Ora, o gênero visto sob o enfoque de uma fabricação performativa, portanto imerso em

formas reveladas e veladas de se expressar, remete a ideia de que o ‘gênero verdadeiro é uma

fantasia instituída e inscrita sobre a superfície de corpos, então parece que os gêneros não podem

ser nem verdadeiros nem falsos, mas somente produzidos como efeito de verdade de um discurso

sobre a identidade primária e estável’ (idem, p.236). O gênero, portanto, é uma performance

discursiva produtora e constituída por subjetividades que podem imitar ou mesmo parodiar o que é

real ou aparente; o fixo ou o moldável; o externo ou o interno; o binário ou o plural; o identitário ou

o contingente. A figura da travesti, para a filósofa, representa a ‘paródia’ crítica da rigidez binária

do gênero. Na imitação, a travesti e a ‘drag’ zombam dos modelos fixados de gênero, subvertendo

suas próprias identidades. A performance dos transexuais explicita a falácia da coerência do sexo e

do gênero, explicitando o mimetismo e a contingência dos mesmos. Esses atos dramatizados são

igualmente subversivos da coerência heterossexual e da naturalização estereotipada do binarismo do

sexo e do gênero.

O recurso da paródia, isto é, a ‘uma produção que se coloca como imitação’ (ibidem, p.238),

imprime uma fluidez e uma abertura a novas reconfigurações identitárias. Além disso, a expressão

do ‘riso’, inscrito na paródia, é uma prática discursiva que ironiza o normal, ao mesmo tempo em

que desmascara a sua pretensa uniformidade.
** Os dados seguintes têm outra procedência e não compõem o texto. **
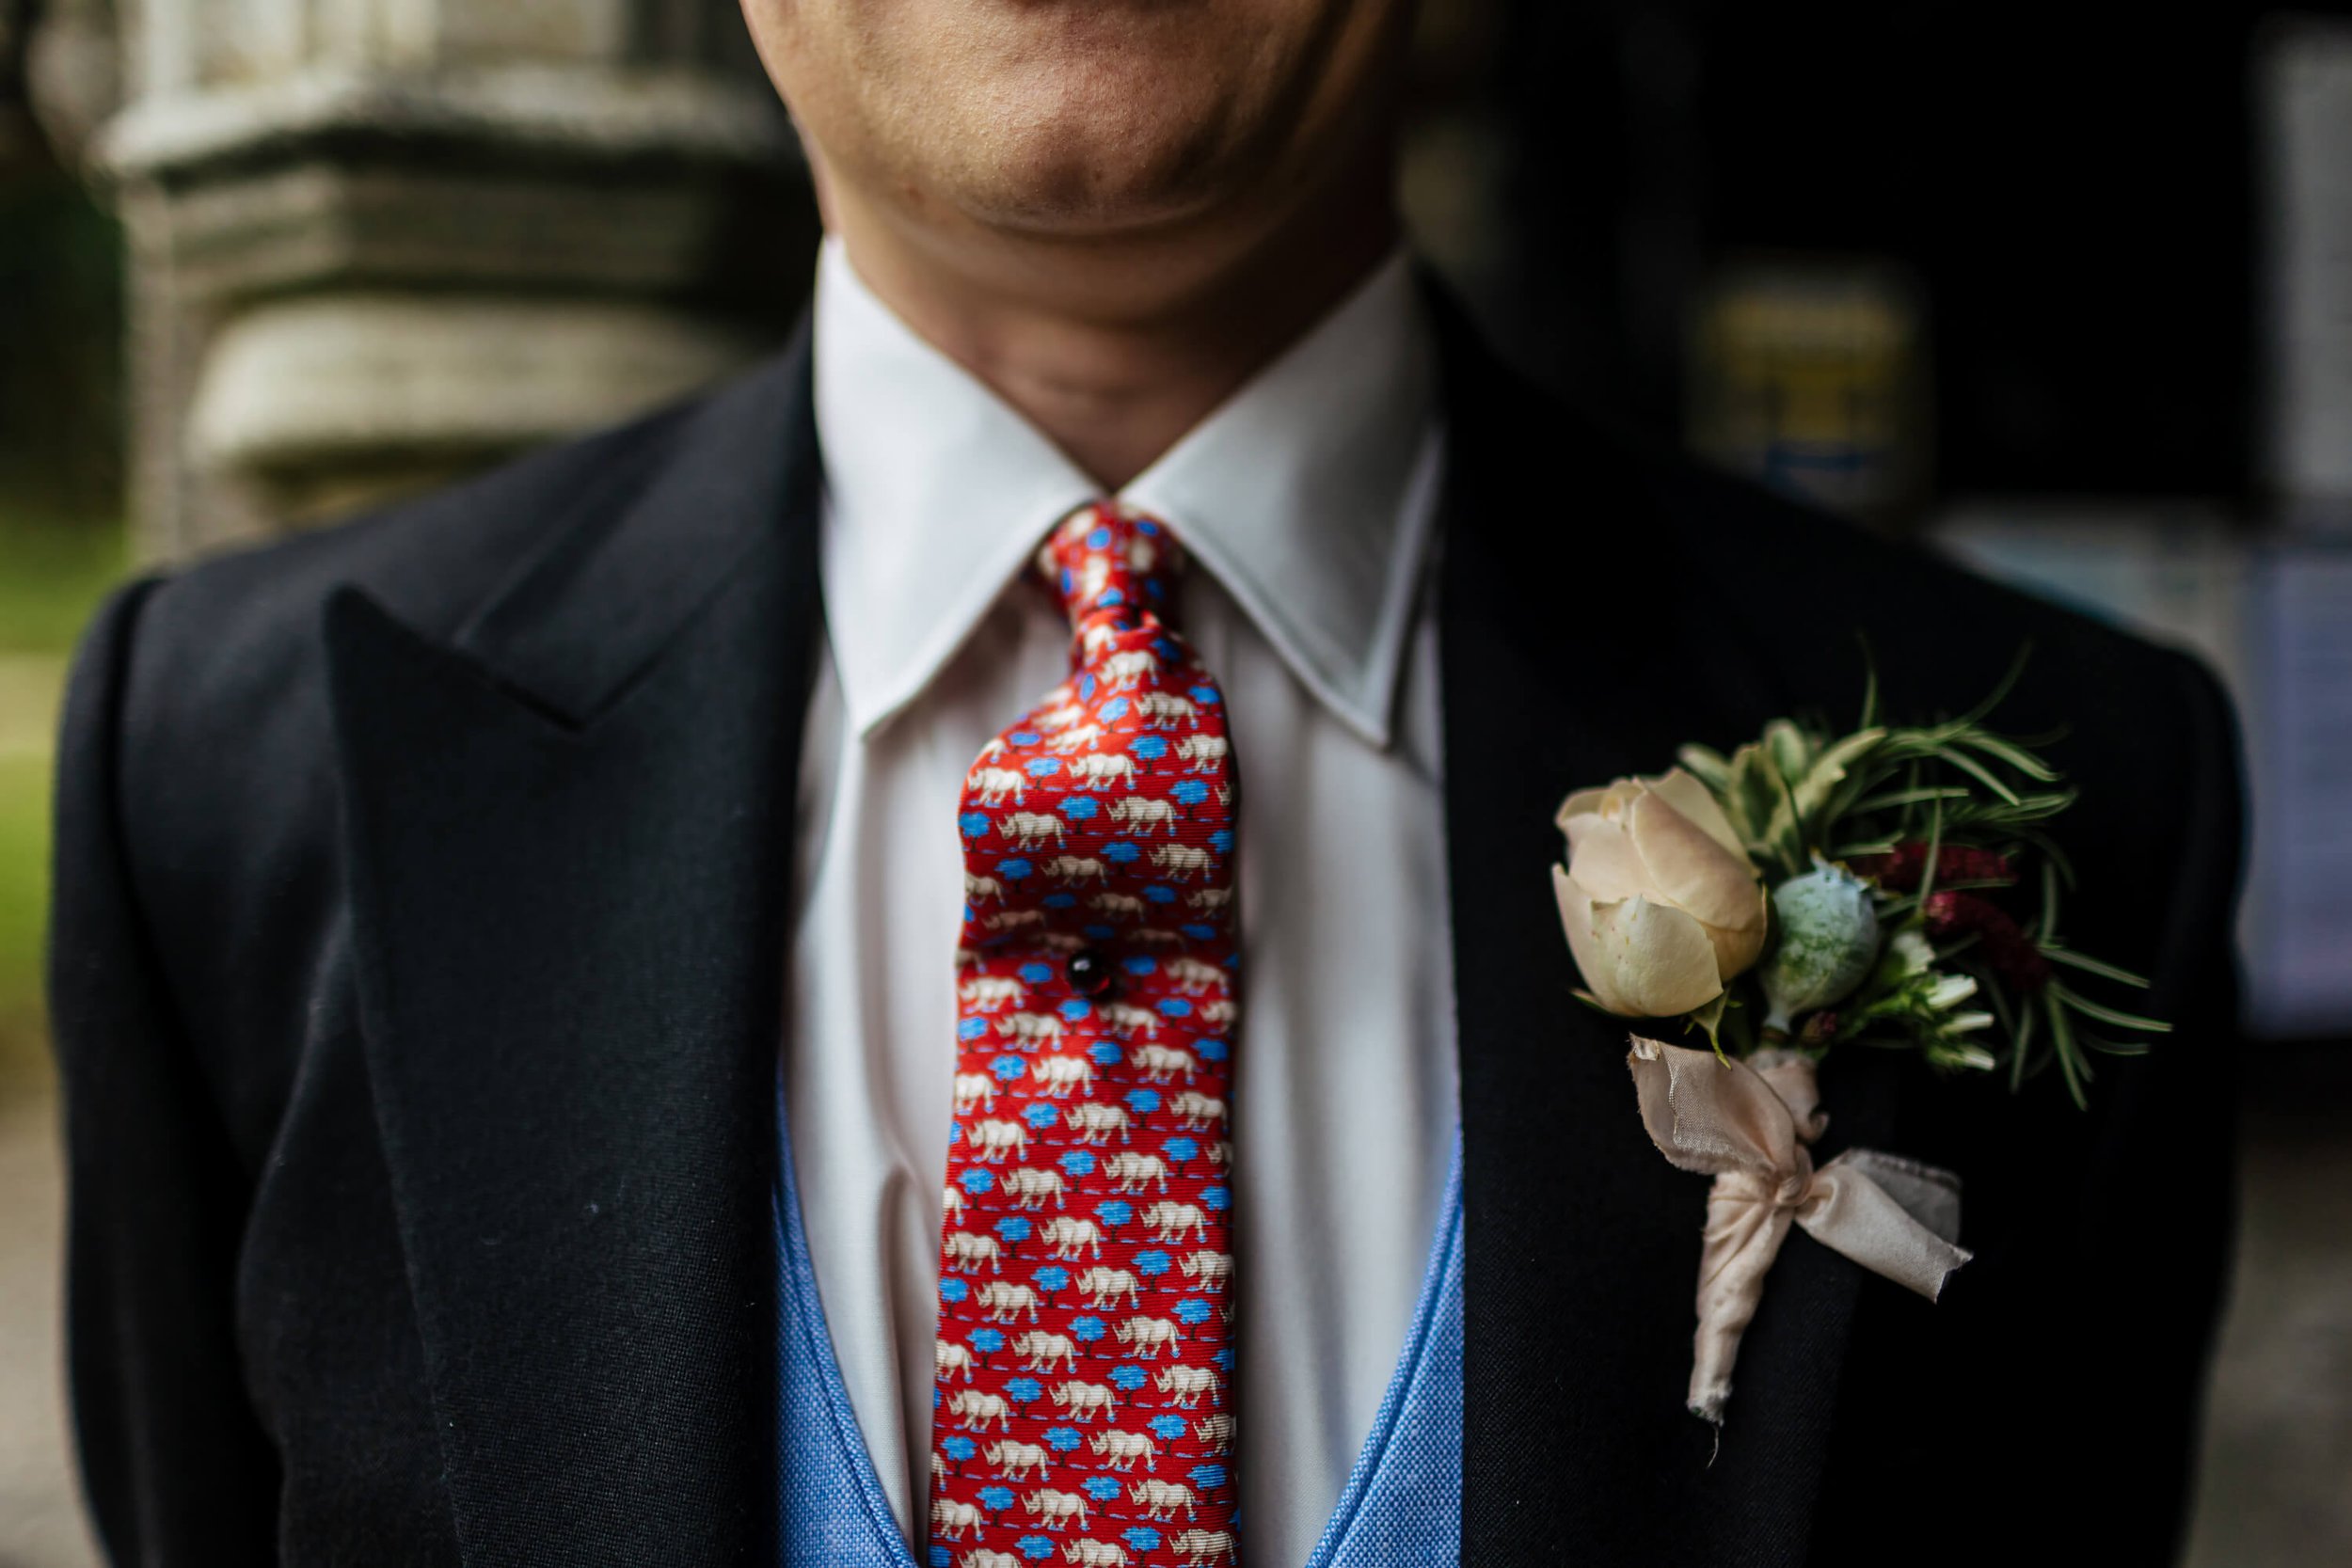 A close up of the groom's tie and buttonhole

O rizível inverte o que é real e o que é imaginário,

produzindo disrupturas nas hegemonias culturais. Porém, nem toda paródia é efetivamente

subversiva ou ‘perturbadora’, uma vez que muitas delas são meras repetições da indústria cultural.

Butler reflete sobre a performance do gênero como um ‘ato’ ou uma ‘construção dramática e

contingente de sentido’. Essas fabricações são também estratégias de sobrevivência em sistemas

culturais compulsórios, em que a performance do gênero pode ter consequências punitivas das

transgressões. Isso porque as proibições dos atos performáticos são forjadas em ‘ficções culturais’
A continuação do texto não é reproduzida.